Connecting the Dots
A look into Music 308: Music as Material Culture.
Tango singer Carlos Gardel (1890-1935) was and remains an icon of Latin American popular culture. The first tango he recorded, in 1917, was “Mi Noche Triste” (My Sad Night), a song that recounts the elaborate regrets of a recently dumped man in melodramatic fashion. That recording is commonly heard as a foundational moment in the history of tango, almost inseparable from Gardel’s legendary status within that genre. But how else might we hear it? What other stories can it tell us?
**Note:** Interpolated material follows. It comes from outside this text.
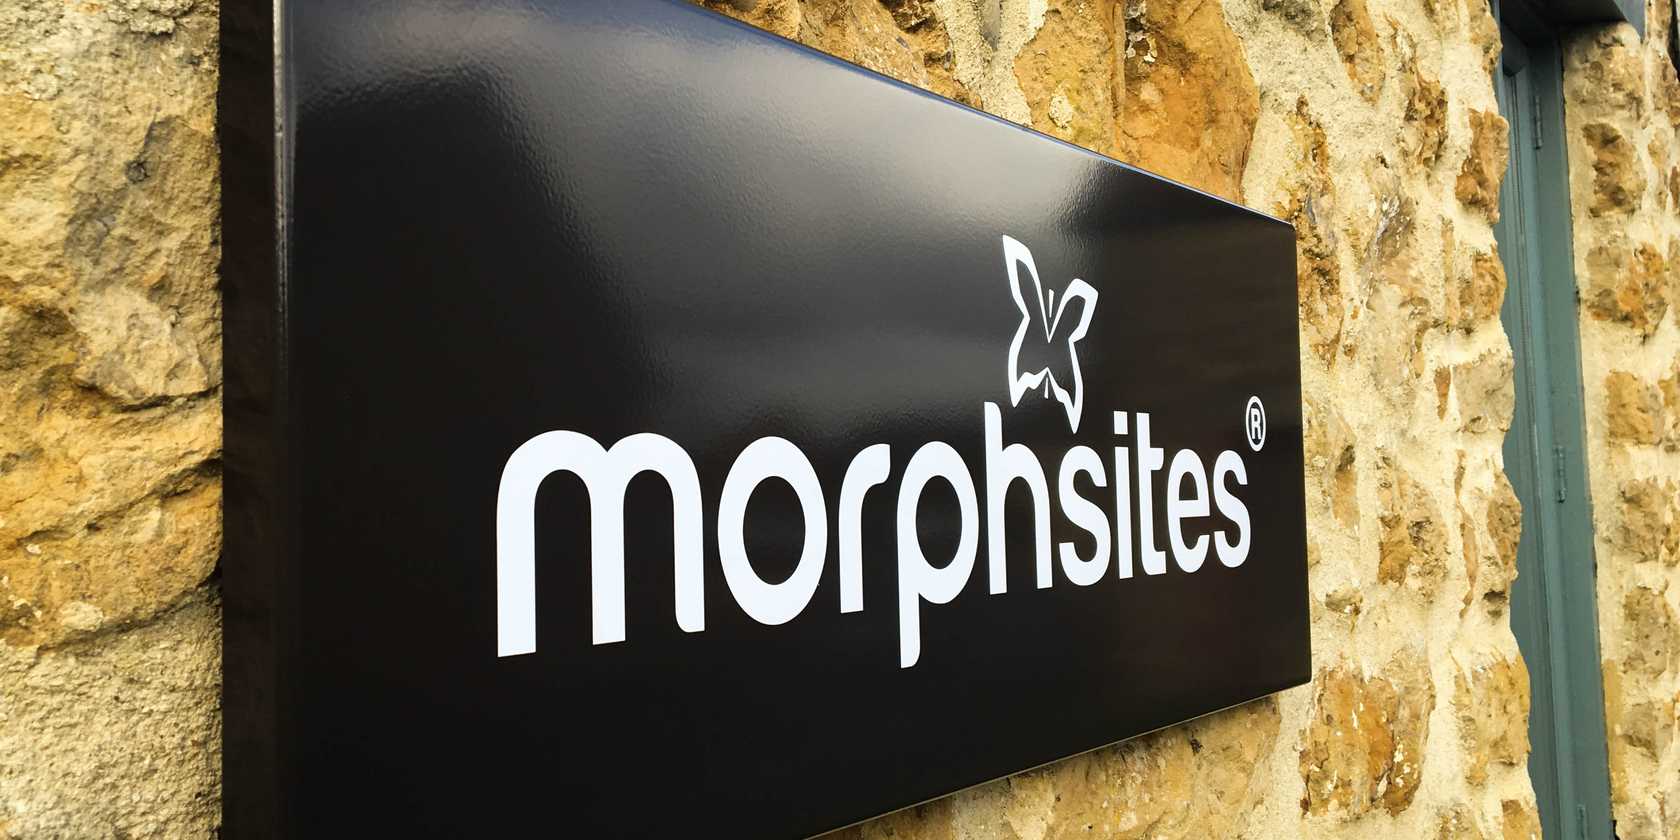 Wall Mounted Tray Sign for Morphsites
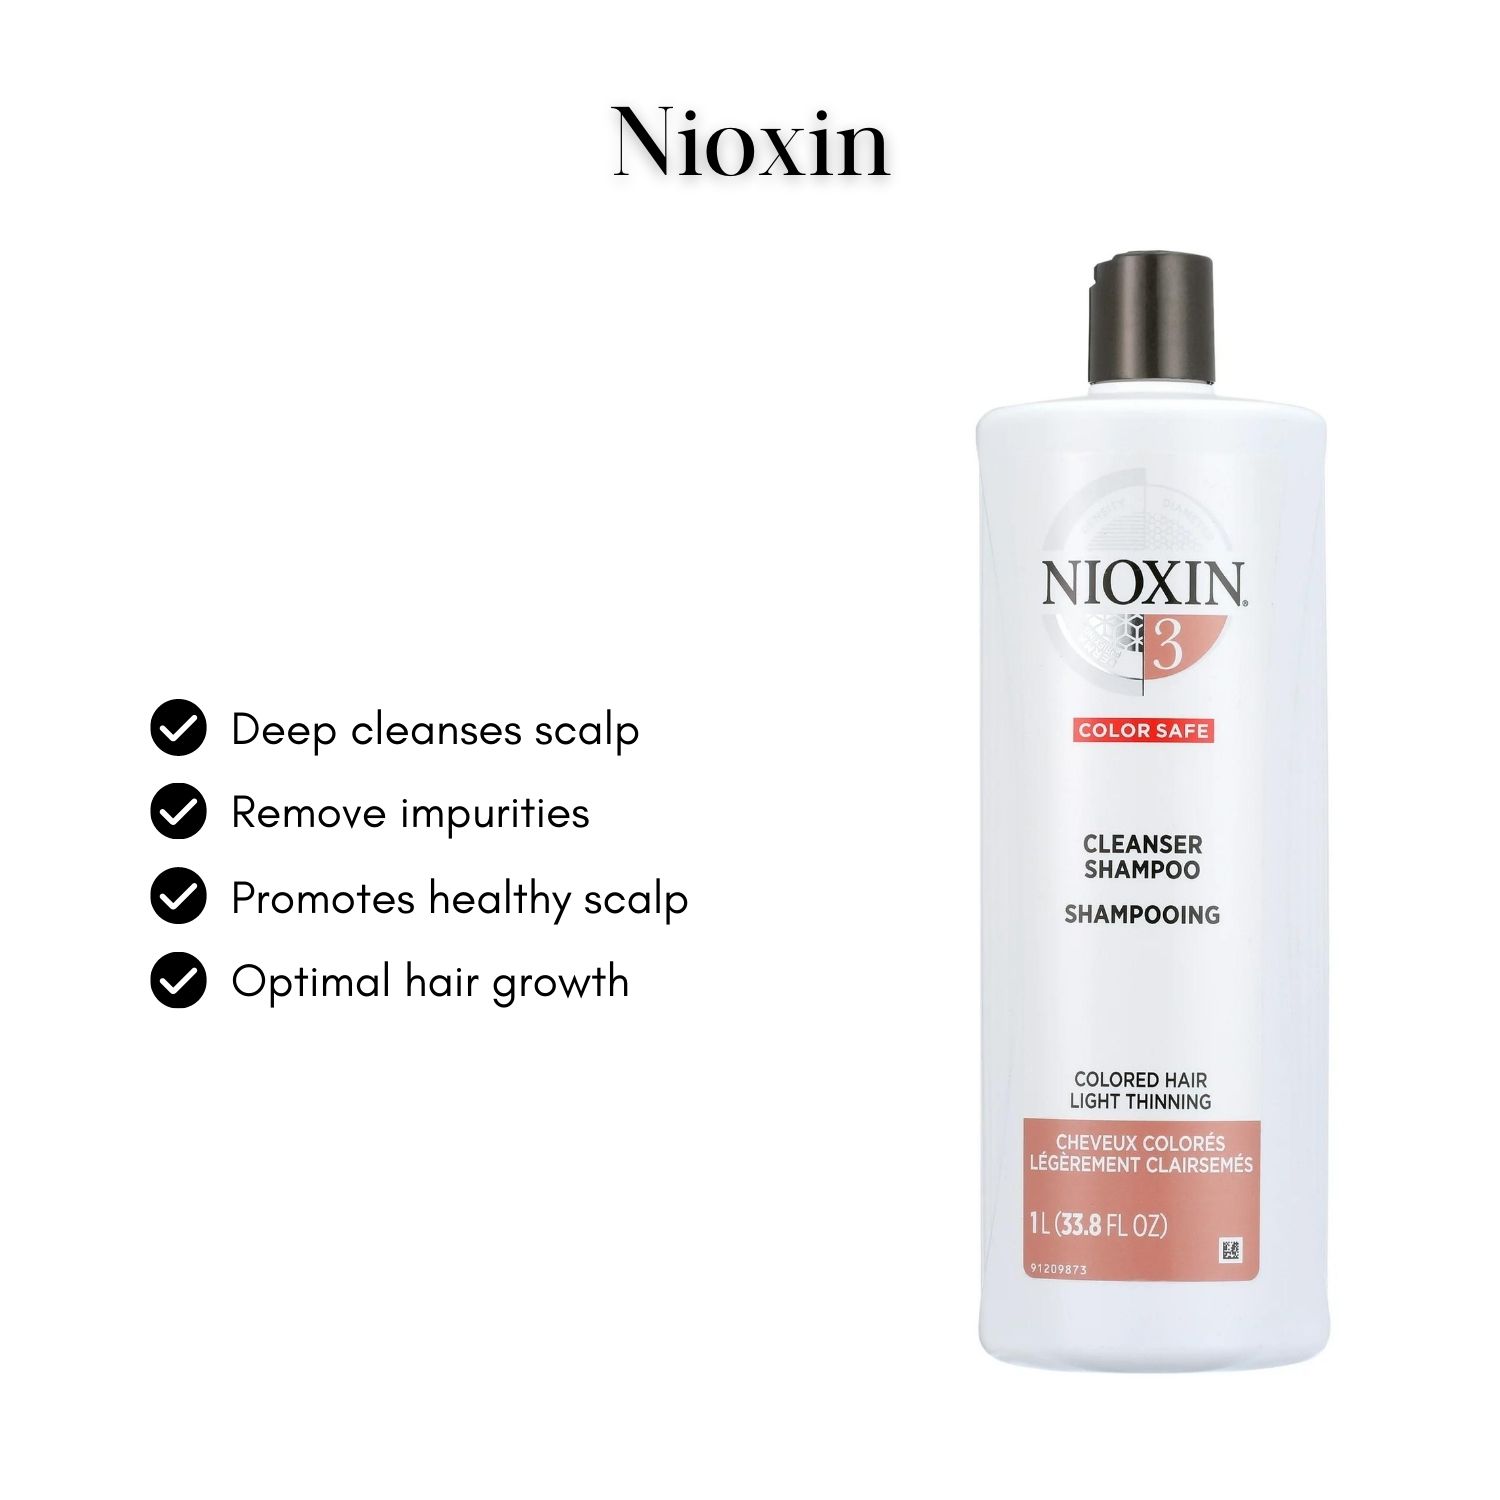 Nioxin System 3 Cleanser Shampoo, for Light Thinning Colored Hair, 33.8 oz - image 5 of 6

In Music 308: Music as Material Culture, we think about historic sound recordings not only as documents of musical history but as material objects with “lives” of their own. Thus while “Mi Noche Triste” is about the history of tango, it is also about the history of technology; Gardel rerecorded the song in 1930 using electrical recording technology (with microphones), which did not exist when the acoustic original was made. It is also about the transnational music industries and the creative misunderstandings they engendered, in that the distinctly Argentine recording was rereleased in multiple national markets where it was framed as everything from “orchestral tango” to “Mexican” music. Above all else, the materiality of these recordings speaks to the accumulated social histories of musical engagement and listening that they enabled and contain, the dust and scratches of previous auditions literally etched into the discs themselves. Hearing these and other stories is a matter of critical listening, but it is also a matter of connecting the material dots.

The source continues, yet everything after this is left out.